On 26 October 2012 11:55, John Jackson <[email protected]> wrote:
> Greetings –
>
> I hope this is a good place to send a weighty message to Wikipedia.
> You’ll want to read all through.
>
> I am a scientist who has always liked the Wikipedia idea, and I like
> your implementation.  Lately I’ve started making contributions.
> Although I’m a cognitive scientist who taught biological psychology at
> degree level for several years and have done AI research since the
> ‘80’s, I’ve diverted for a decade or more to resolve a set of major
> evolutionary puzzles.
>
> Fairly peripheral but within the overall project was an investigation
> of bird breathing, and I decided to piece together the research into
> it, and deliver it properly to the public.  Trust me, the finer
> details were obscure.  On the way I discovered why penguins’ lungs
> don’t collapse even at 500m when whales’ lungs collapse by 100m; I
> found out what the neopulmo did (though not why) and why penguins
> don’t have it, and I changed our understanding of flow within it; I
> also resolved the old chestnut of whether birds had counter-current
> exchange in their lungs.  That is, completely discovered, not just for
> myself.  By careful editing and addition including the long overdue
> diagram the subject needed, I converted the two Wikipedia pages
> dealing with bird breathing from an incomplete mire to a place of
> revelation (though the German version needs starting afresh, and
> Duncker agrees).  But it was an honour do so.
>
> More central to my overall project was cladogenesis, the heart of
> palaeontology and just the thing that I, as an MSc in info. sys.

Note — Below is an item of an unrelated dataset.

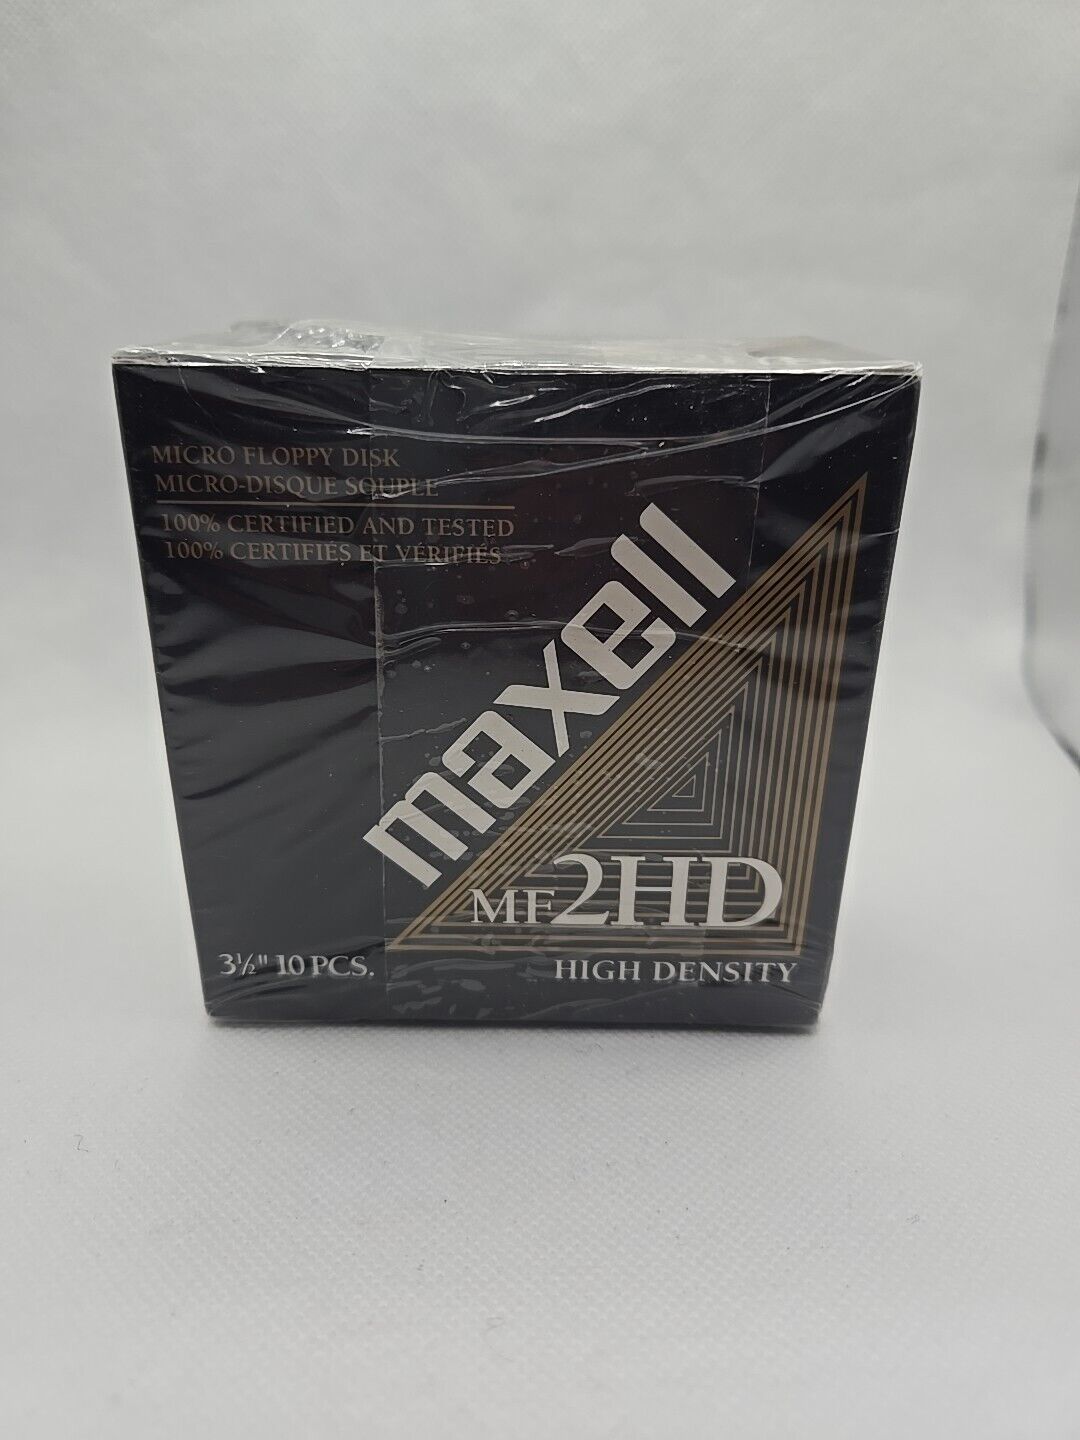 Maxell MF2HD Floppy Disks 1.44MB IBM & Compatibles Formatted 10pk NEW SEALED

> engineering would be expected to get into.  I’ve written my own clad.
> software, invented and implemented my own heuristic version, proved
> the theorem in graph theory that resolves an issue in checking
> evolutionary trees by time and rooting them, and highlighted a serious
> statistical fallacy invalidating another major current of work in the
> time-checking of trees.
>
> In these activities I was almost entirely alone as regards other
> workers in the overall field, since that field, dinobird
> palaeontology, is notorious for its abuse of the lack of scientific
> and indeed academic constraint that all historical disciplines are
> prey to.  Applicants for research positions into that biological
> science, which relies heavily on computer science and statistics, are
> usually accepted with just a geology first degree.  Put succinctly but
> honestly, the standard of science amongst professional dinobird
> palaeontologists is crap, so much so that I’ve never taken the idea of
> publishing formally in the field very seriously.  I do from time to
> time in AI, but any scientist with something sensible to say in
> dinobird palaeo will always be violating sacred errors and be blocked.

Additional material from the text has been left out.